Spin-orbit coupling and strong electronic correlations in cyclic molecules

TL;DR

This paper explores how spin-orbit coupling in cyclic molecules differs from atomic cases, especially in even-fold symmetric molecules, leading to large SOC effects and anisotropic exchange interactions in strongly correlated systems.

Contribution

It demonstrates that molecular spin-orbit coupling can be significantly large in cyclic molecules and influences magnetic interactions, expanding understanding beyond atomic SOC limitations.

Findings

SOC in odd-fold molecules is analogous to atomic SOC.

Even-fold molecules allow angular momentum states to be both raised and lowered.

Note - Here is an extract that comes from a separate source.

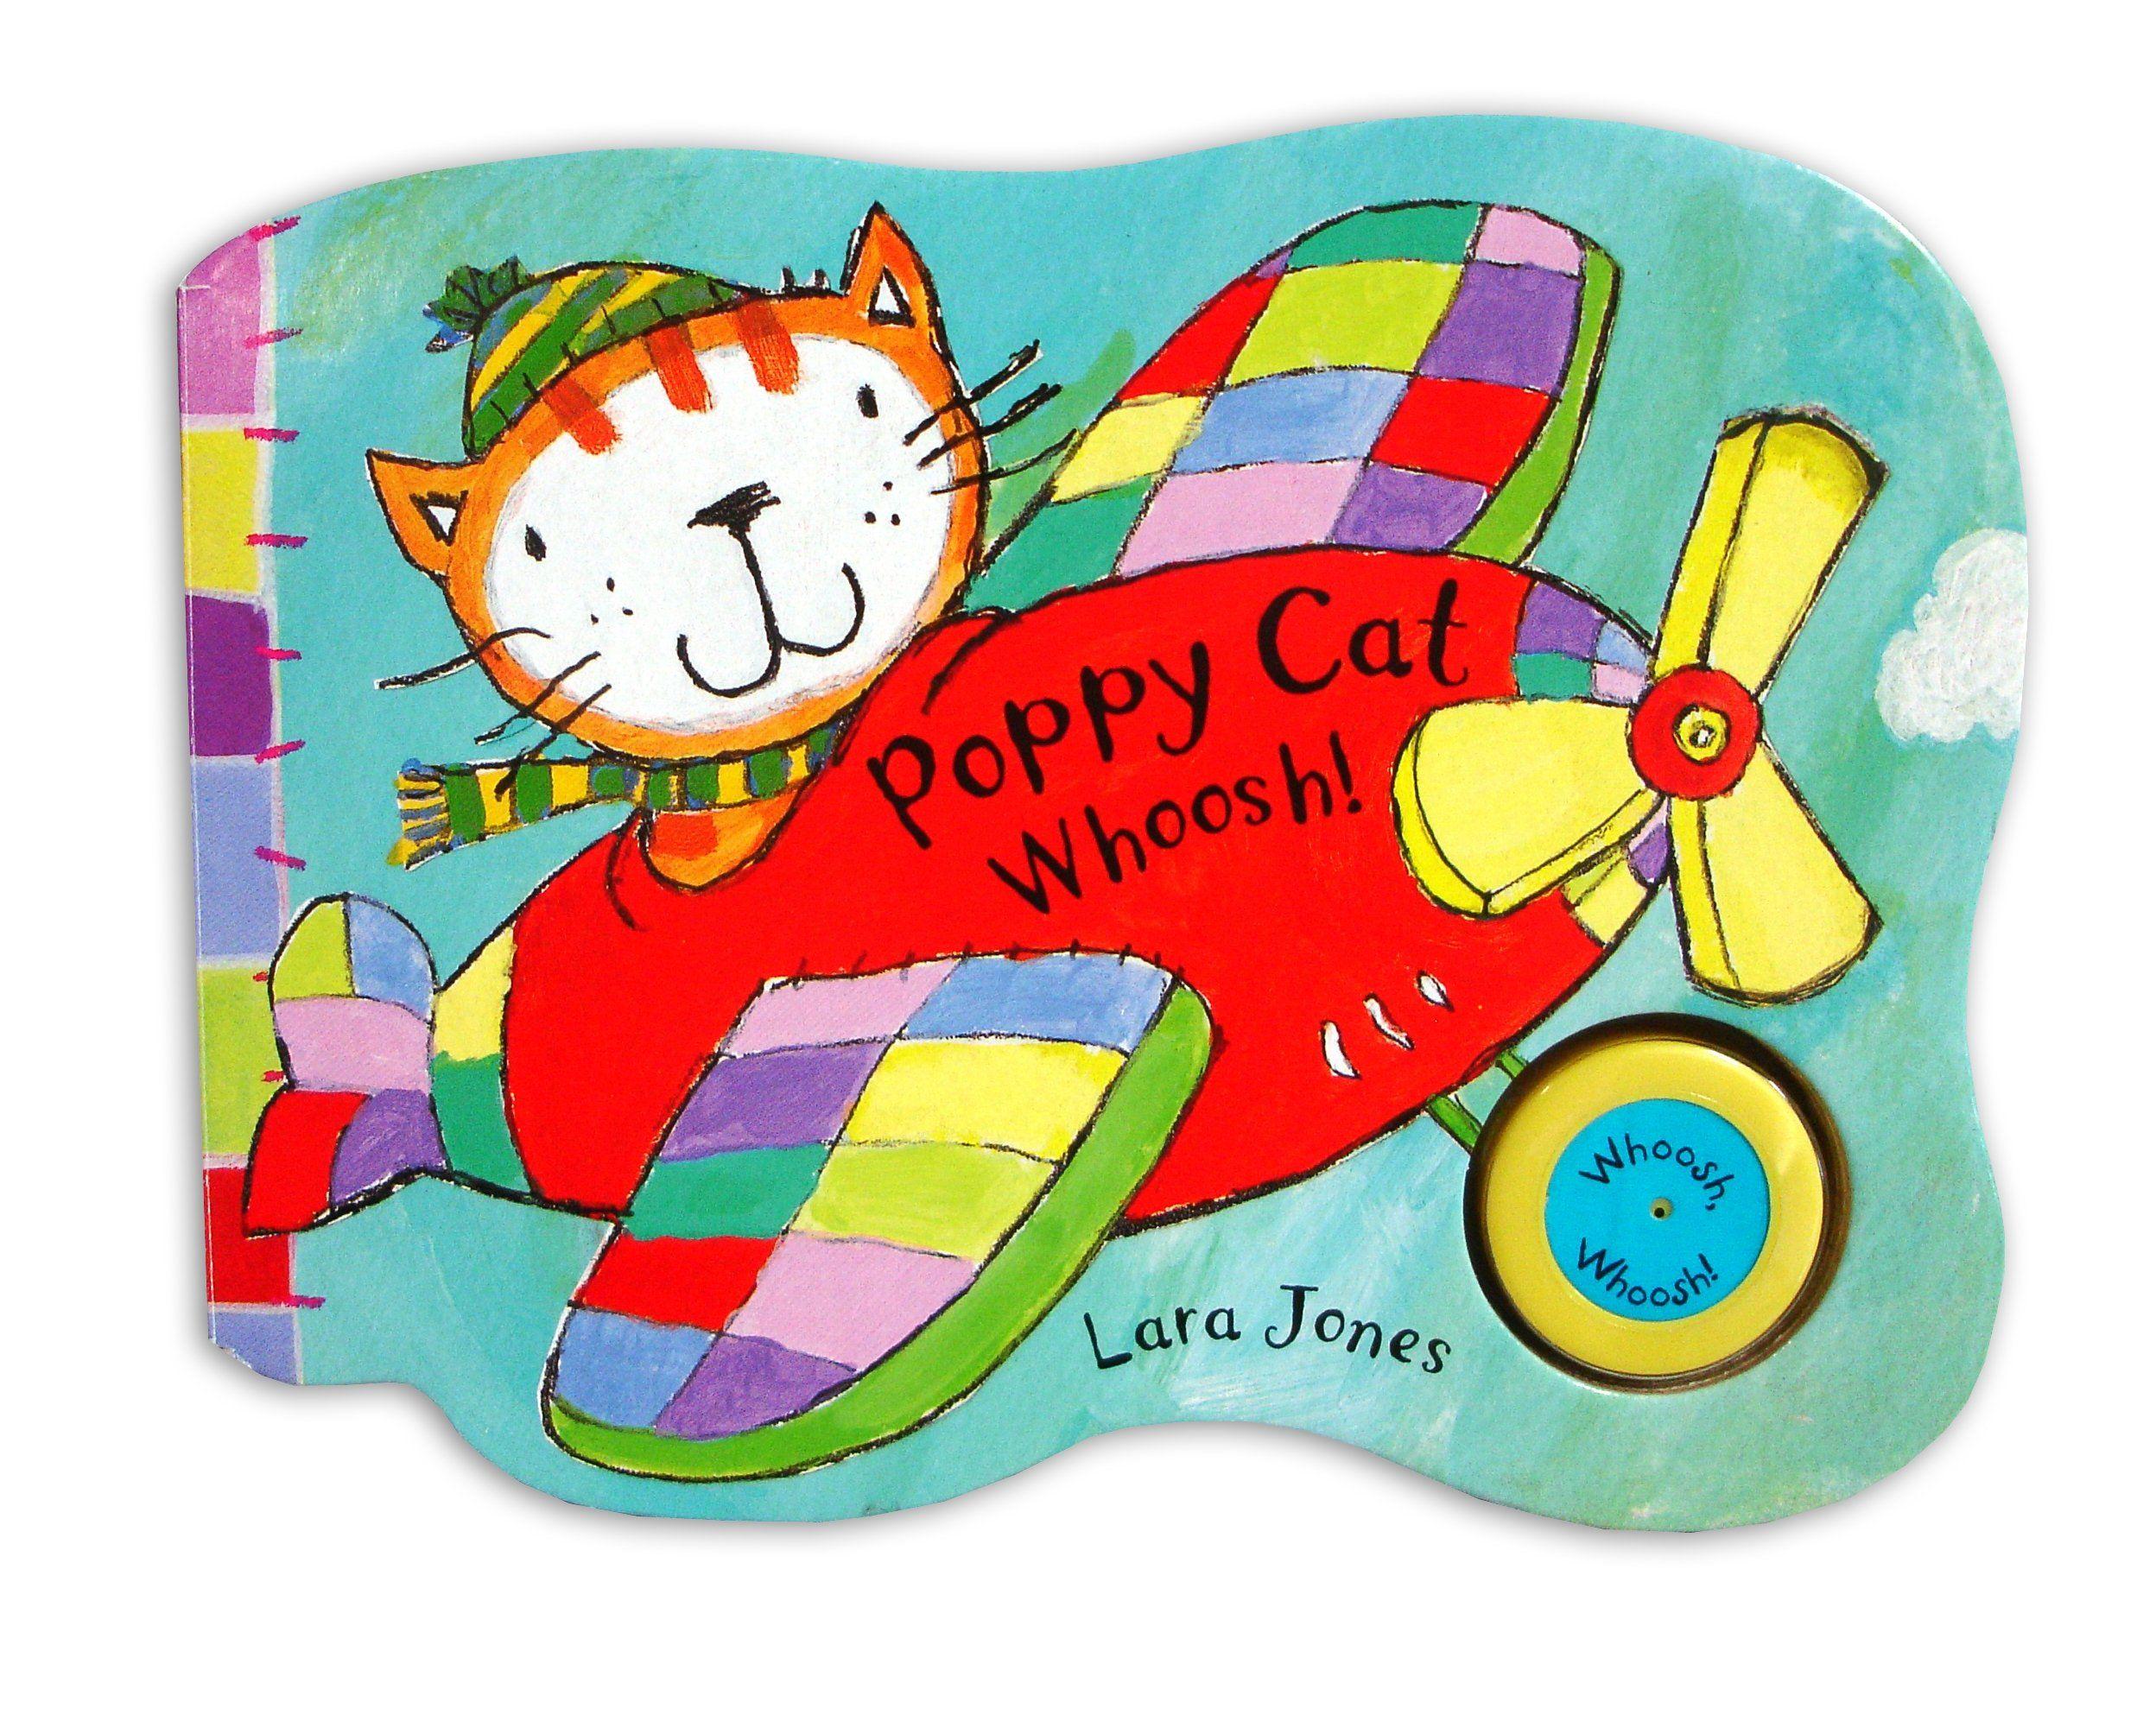 Poppy Cat Logo - Poppy Cat Noisy Books: Poppy Cat Whoosh!: Amazon.co.uk: Lara Jones ...
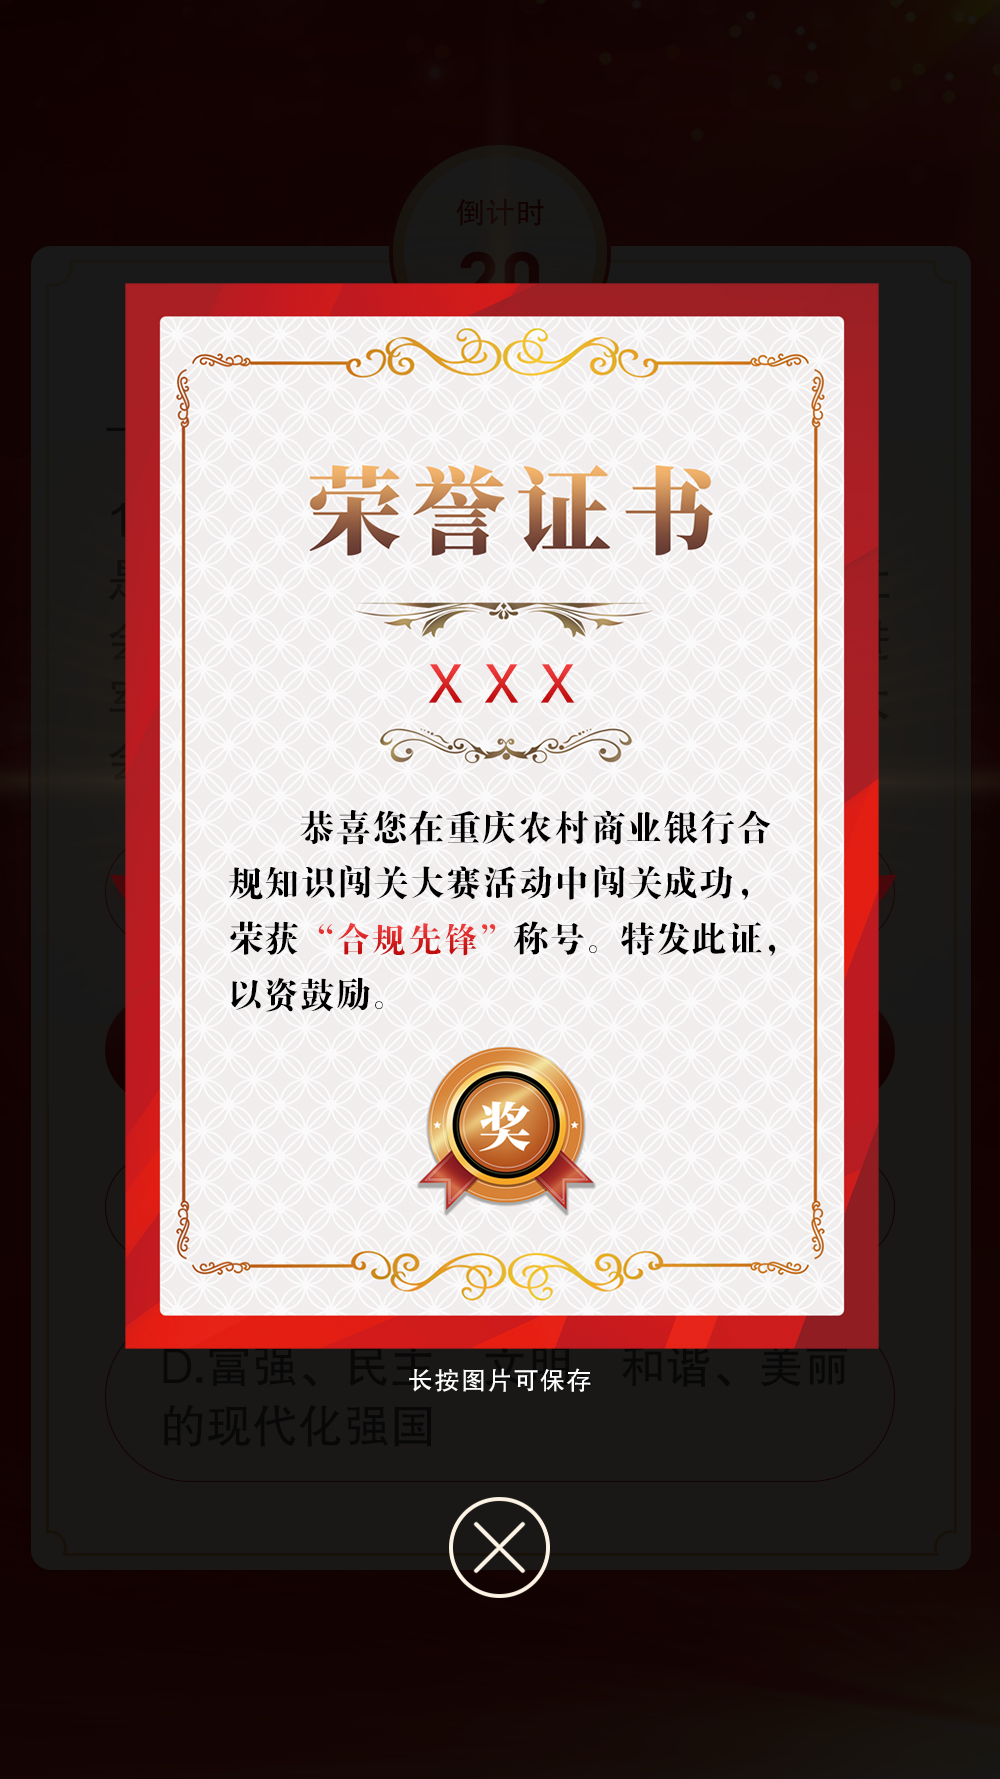 重庆农商行为闯关成功的员工颁发“合规先锋”电子荣誉证书。重庆农商行供图 华龙网发

Strong correlations lead to anisotropic exchange interactions and compass Hamiltonians.

Abstract

In atoms spin-orbit coupling (SOC) cannot raise the angular momentum above a maximum value or lower it below a minimum. Here we show that this need not be the case in materials built from nanoscale structures including multi-nuclear coordination complexes, materials with decorated lattices, or atoms on surfaces. In such cyclic molecules the electronic spin couples to currents running around the molecule. For odd-fold symmetric molecules (e.g., odd membered rings) the SOC is highly analogous to the atomic case; but for even-fold symmetric molecules every angular momentum state can be both raised and lowered. These differences arise because for odd-fold symmetric molecules the maximum and minimum molecular orbital angular momentum states are time reversal conjugates, whereas for even-fold symmetric molecules they are aliases of the same single state. We show, from first principles calculations, that in suitable molecules this molecular SOC is large, compared to the energy differences between frontier molecular orbitals. Finally, we show that, when electronic correlations are strong, molecular SOC can cause highly anisotropic exchange interactions and discuss how this can lead to effective spin models with compass Hamiltonians.